Talk:Analytics/Data Lake/Traffic/Pageview hourly/Identity reconstruction analysis
Rendered with Parsoid
Latest comment: 6 years ago by Nuria in topic UA Approach Recommendation
UA Approach Recommendation
I see a couple options listed regarding the UA to be removal of user_agent_map altogether or having some threshold for inclusion. I recommend that we retain the following -
- os_family
- os_major
- os_minor
- browser_family
- for all such distinct maps having at least 1000 daily members.

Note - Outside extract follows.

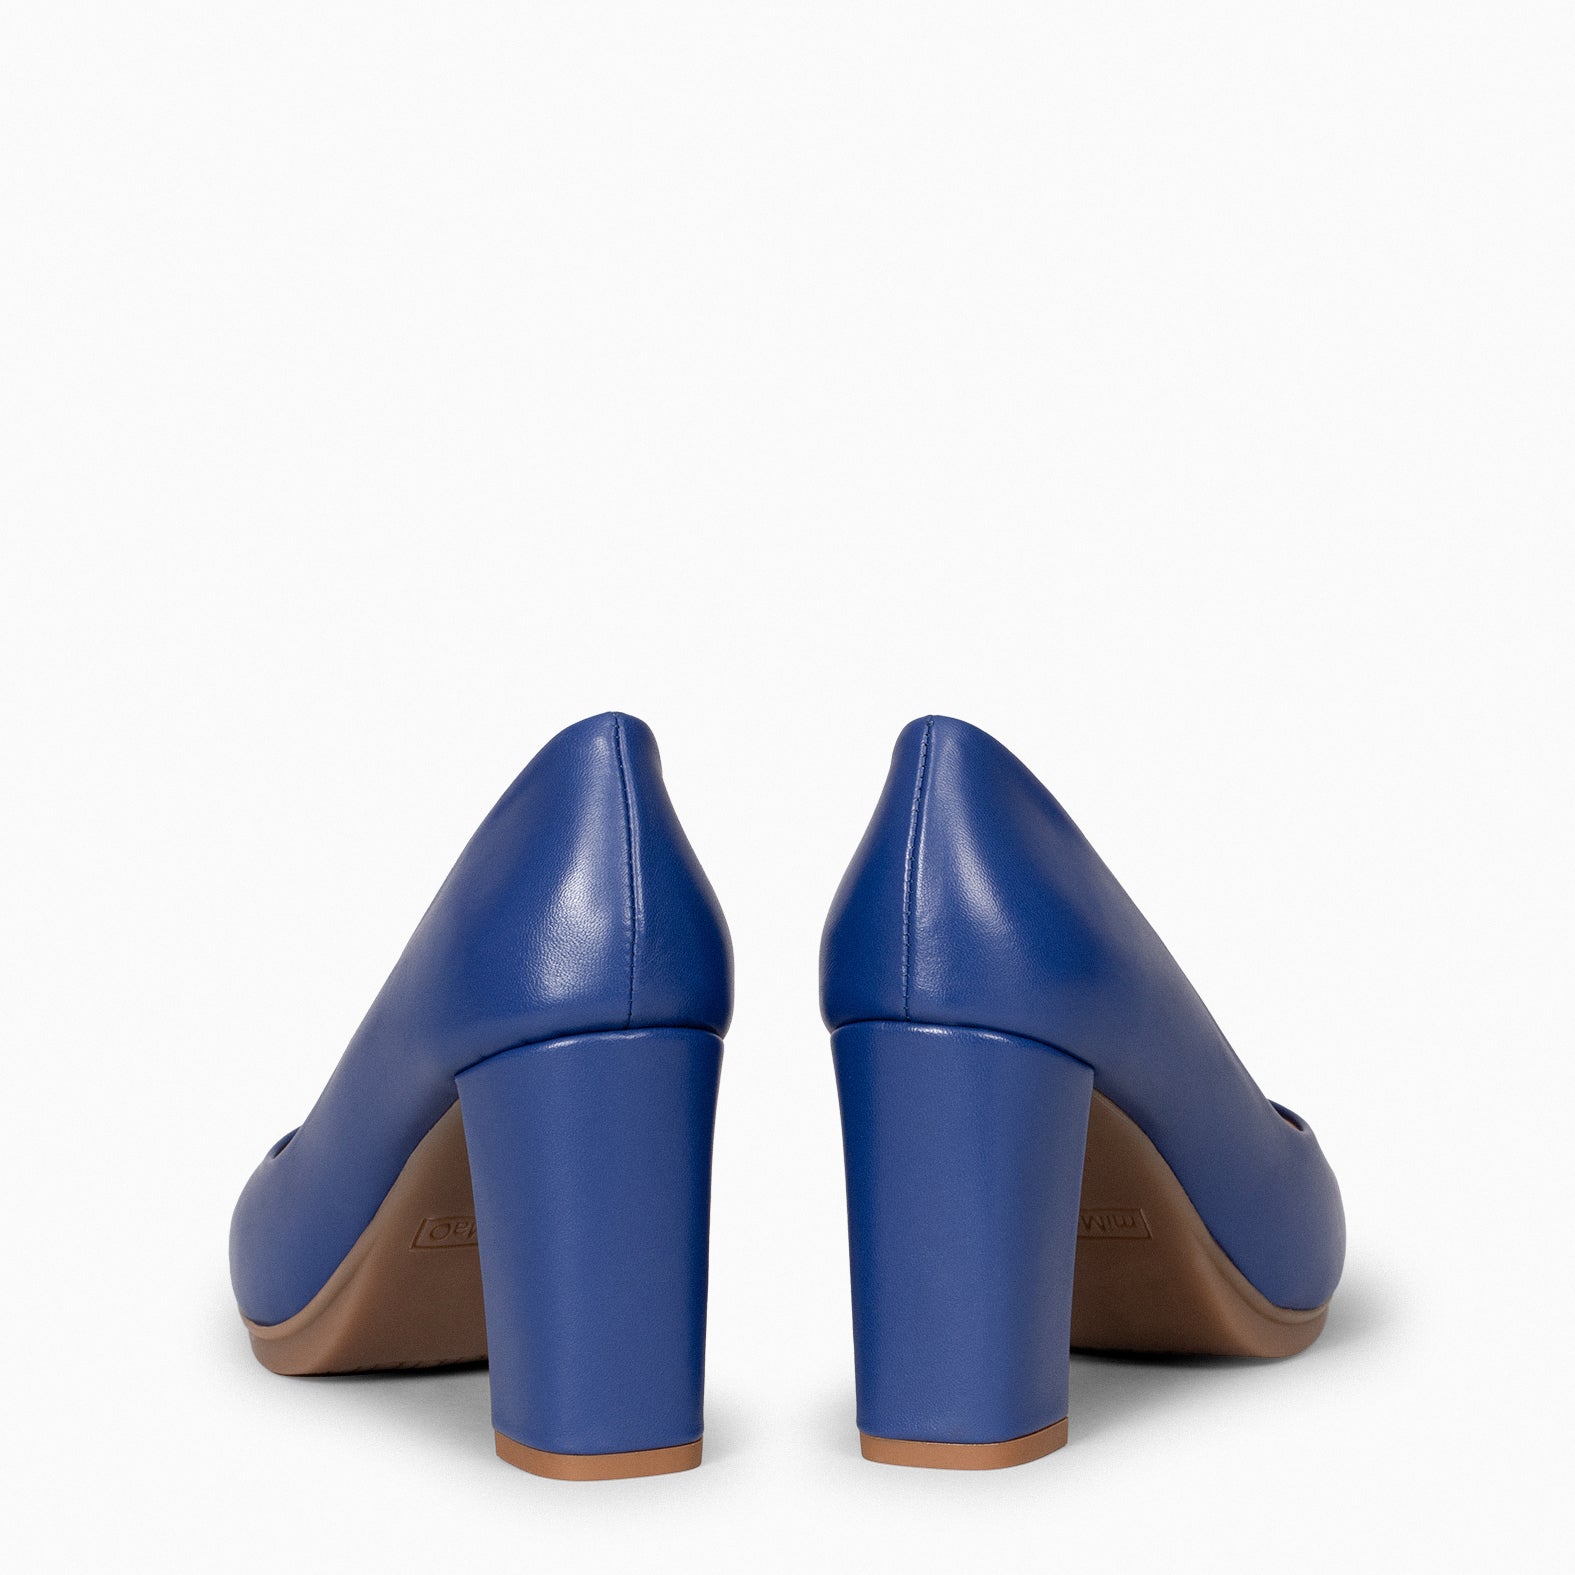 URBAN SALON – ELECTRIC BLUE nappa leather high heel

As part of the UA transformation, the Wikipedia apps UA info should be transformed such that browser_family (can we rename to "browser" to avoid confusion?) becomes "WikipediaApp" (instead of, for example, "Mobile Safari" or "Android"). Here are examples of some user_agent_map values for the apps today.
{"browser_major":"-","os_family":"iOS","device_family":"Generic Smartphone","os_major":"7","browser_family":"Mobile Safari","wmf_app_version":"4.1.3","os_minor":"1"} {"browser_major":"4","os_family":"Android","device_family":"Generic Smartphone","os_major":"4","browser_family":"Android","wmf_app_version":"2.0.110-r-2015-08-31","os_minor":"4"}
- That covers part of this example but leaves other vectors of attack opened, this is an example of a wider problem explained here: https://wikitech.wikimedia.org/wiki/Analytics/Data_Lake/Traffic/Pageview_hourly/K_Anonymity_Threshold_Analysis Nuria (talk) 17:38, 11 May 2017 (UTC)